Original - 0x12345678
Network - 0x78563412
Host - 0x78563412

Answer 1

Since its an LE machine, I expect ntohl() to be a no-op

That's the mistake. Network byte order is big-endian, host byte order is little-endian. Therefore, both ntohl and htonl return a byte-swapped version of their input.

Remember, the point of htonl is that you can take an integer on the host, then write:

int i = htonl(a);

and the result is that the memory of i, when interpreted using network byte order, has the same value that a does. Hence, if you write the object representation of i to a socket and the reader at the other end expects a 4-byte integer in network byte order, it will read the value of a.

and display 0x78563412

Is this what you intended to write? If ntohl were a no-op (or rather, an identity function), then your third line necessarily would print the same thing as your first line, because you would have ntohl(a) == a. This is what happens on big-endian implementations, where your program prints:

Original - 0x12345678
Network - 0x12345678
Host - 0x12345678

Answer 2

In your program when you write int a; you know that a contains an host ordered integer, the program doesn't know that. You could as easily provide an int already containing a value in network order. Of course if you use any arithmetic operator on a value that is not in host order, the result will be incorrect from a network point of view if network order is not the same as host order.

But this is not so far fetched, the network ordered values are often kept exactly that way in low level structures, before being sent or just after being received.

What is wrong with your program is that when you call ntohl() your are promising to the ntohl() function that the int you are providing is some value stored in memory in network order. That's the contract. If it's not true, the function won't perform what you expect, and that is what you are seing.

As other explained on most systems (big or little but not stupid-endians) the two functions are usually identical, either a bytes reverse or a no-op.

Answer 3

Because you're passing a by value and therefore it isn't changed by either of those functions.

You're printing what htonl() and ntohl() are returning.

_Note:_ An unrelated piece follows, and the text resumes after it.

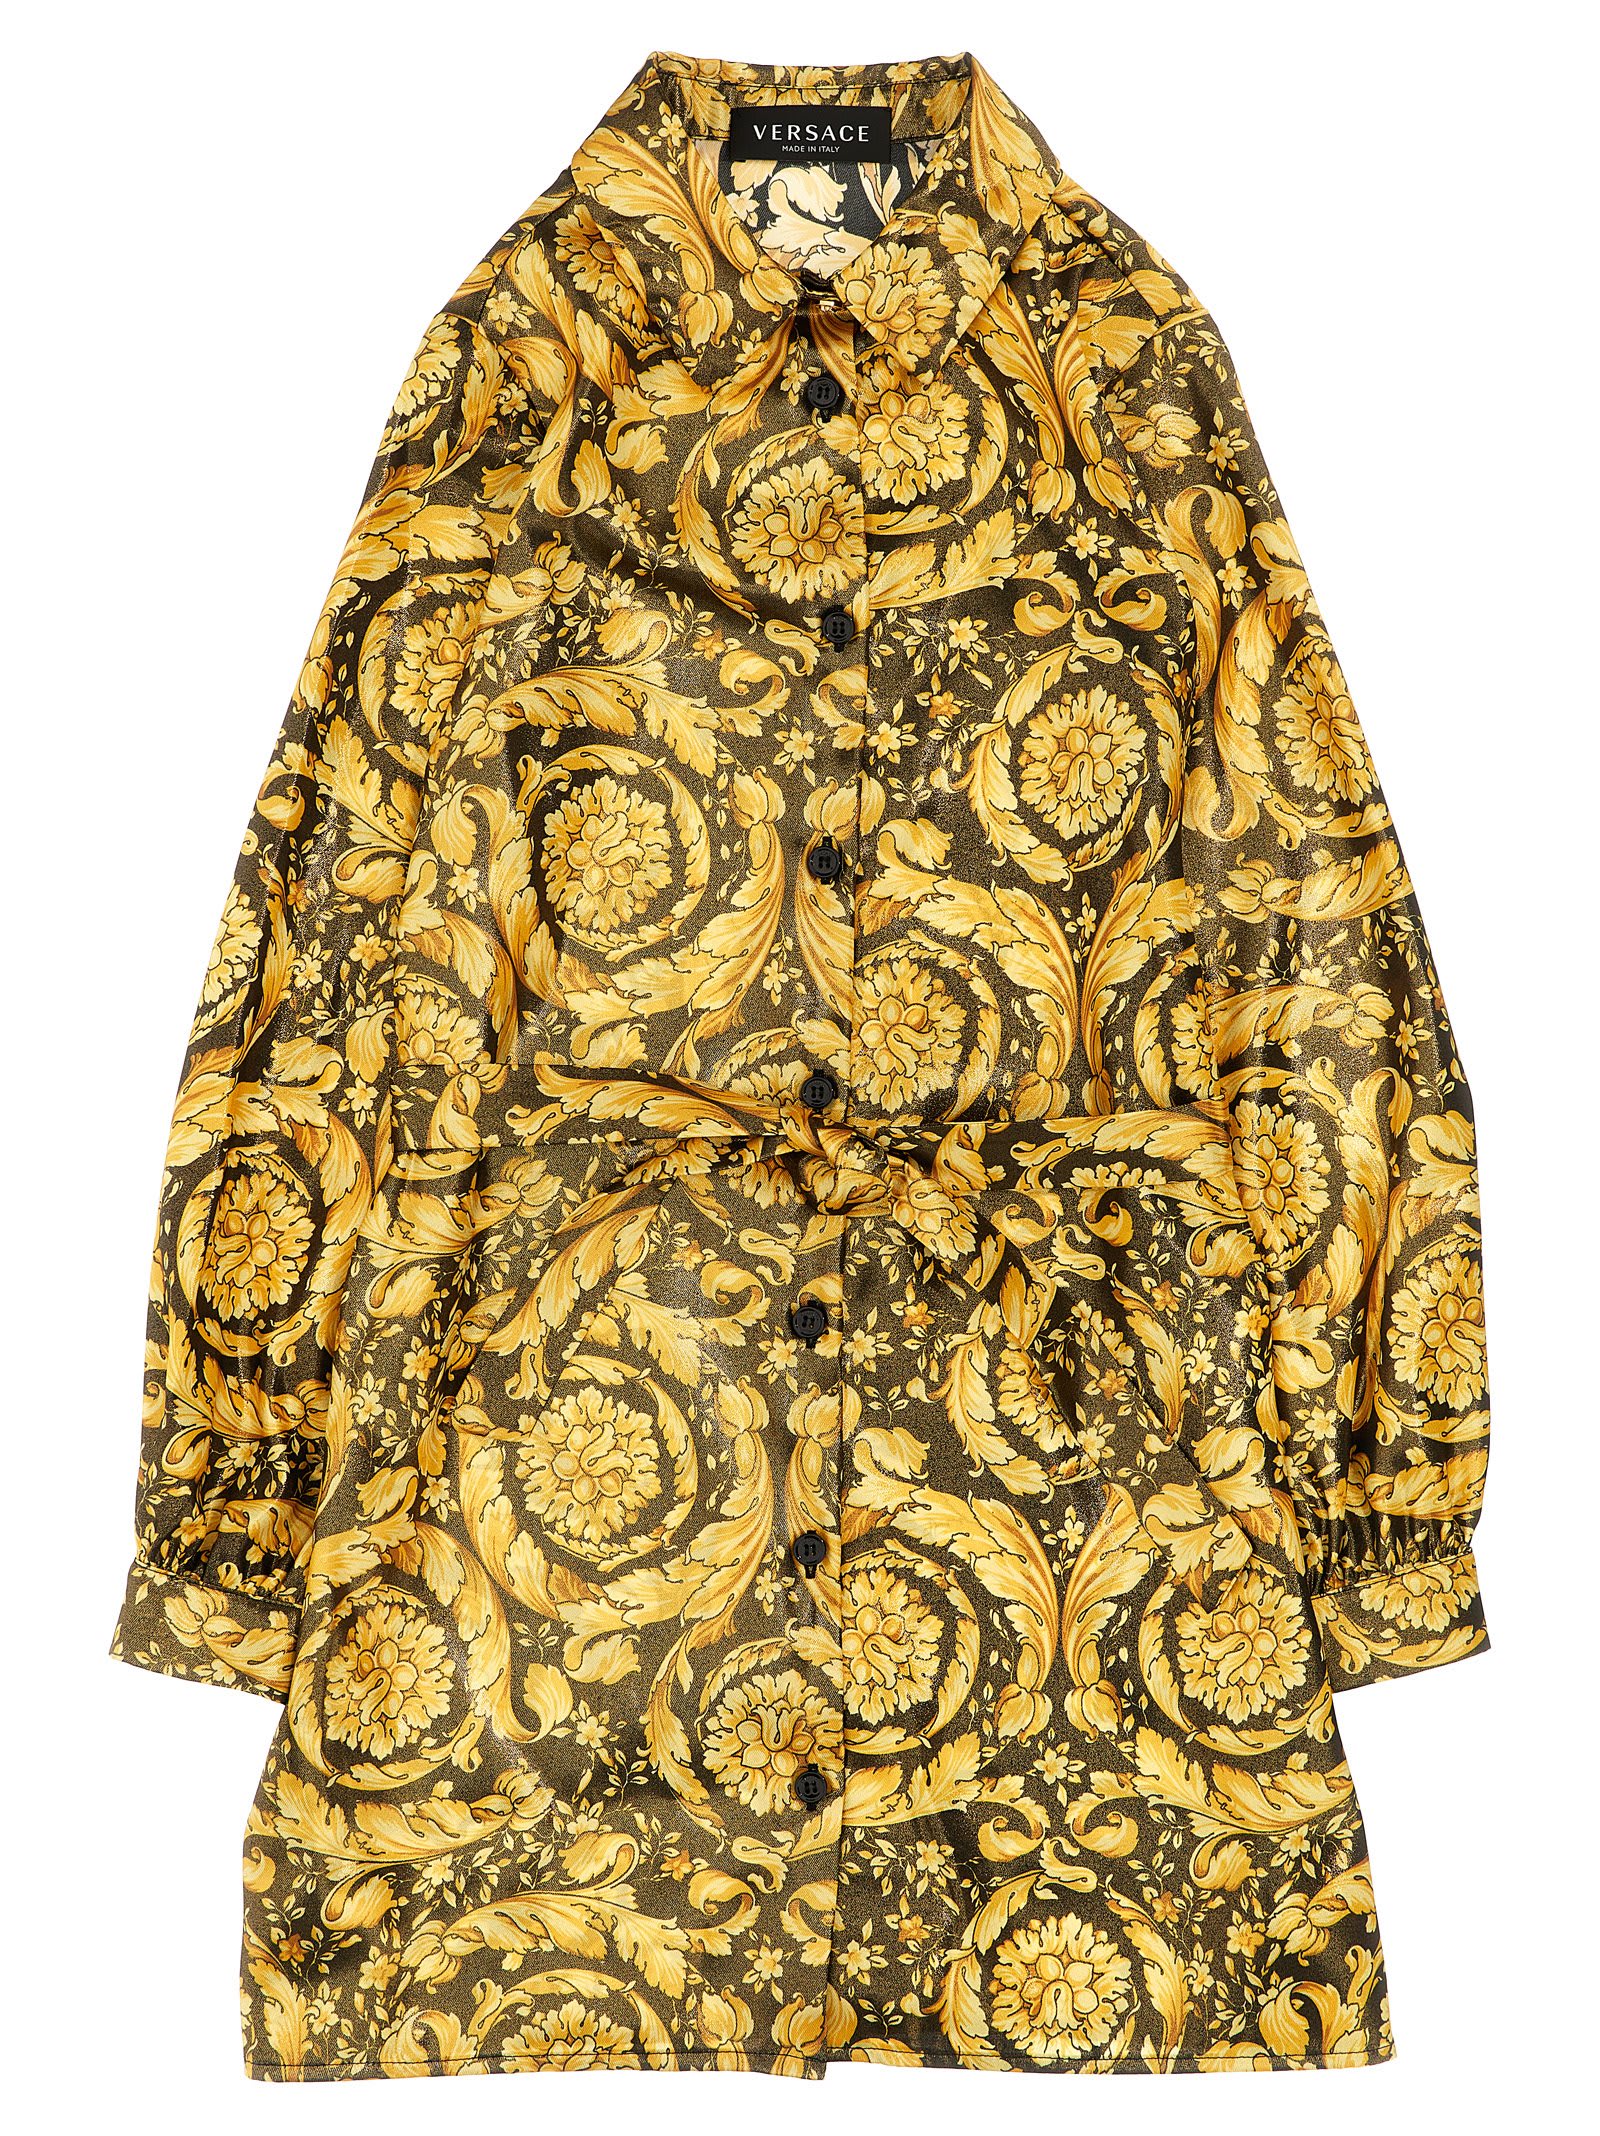 Young Versace Kids' Barocco Dress In Gold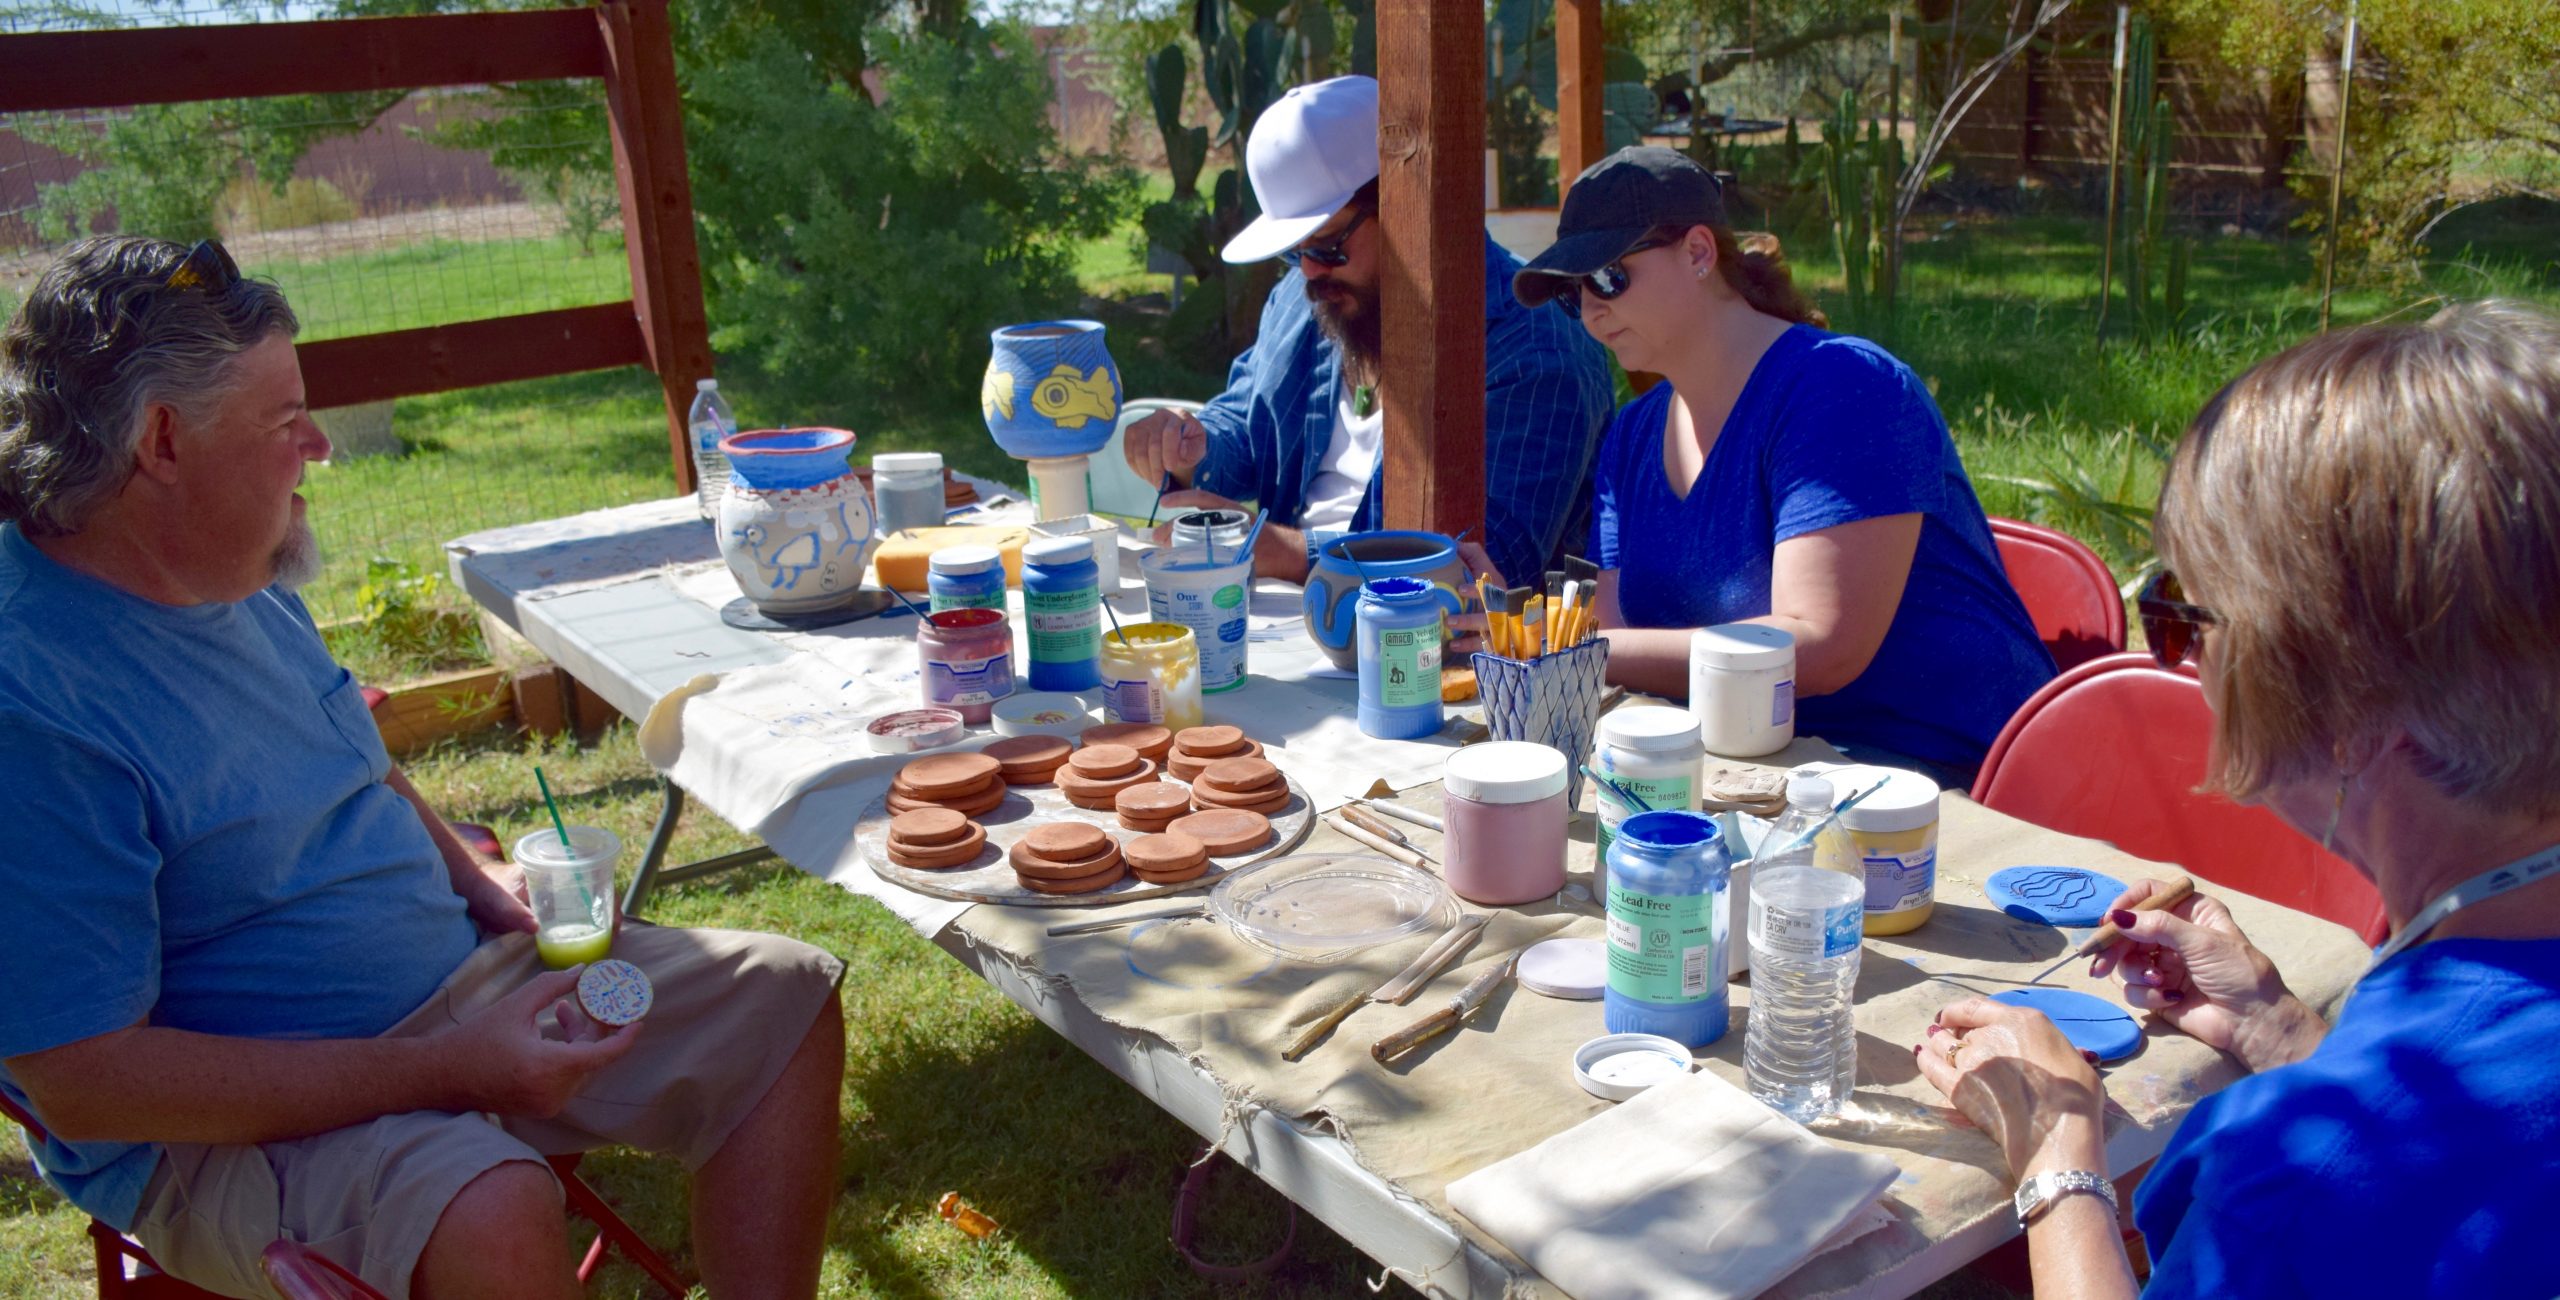 Community members painting ceramic disks for the project.

Edit to add: I missed where you thought one would be a no-op. It's not. Both are going to do the exact same thing on a LE machine; reverse the byte ordering. ntohl() is expecting you to be passing it a network byte ordered int

Answer 4

htonl and ntohl are exactly the same functions. They are supposed to satisfy htonl(ntohl(x)) == x. They are named differently only for documentation (you make it explicit that you are converting from host-to-network or the other way, even if it's the same). So, on a little-endian machine, they both perform byte-swapping, and on a big-endian machine, they are both no-ops.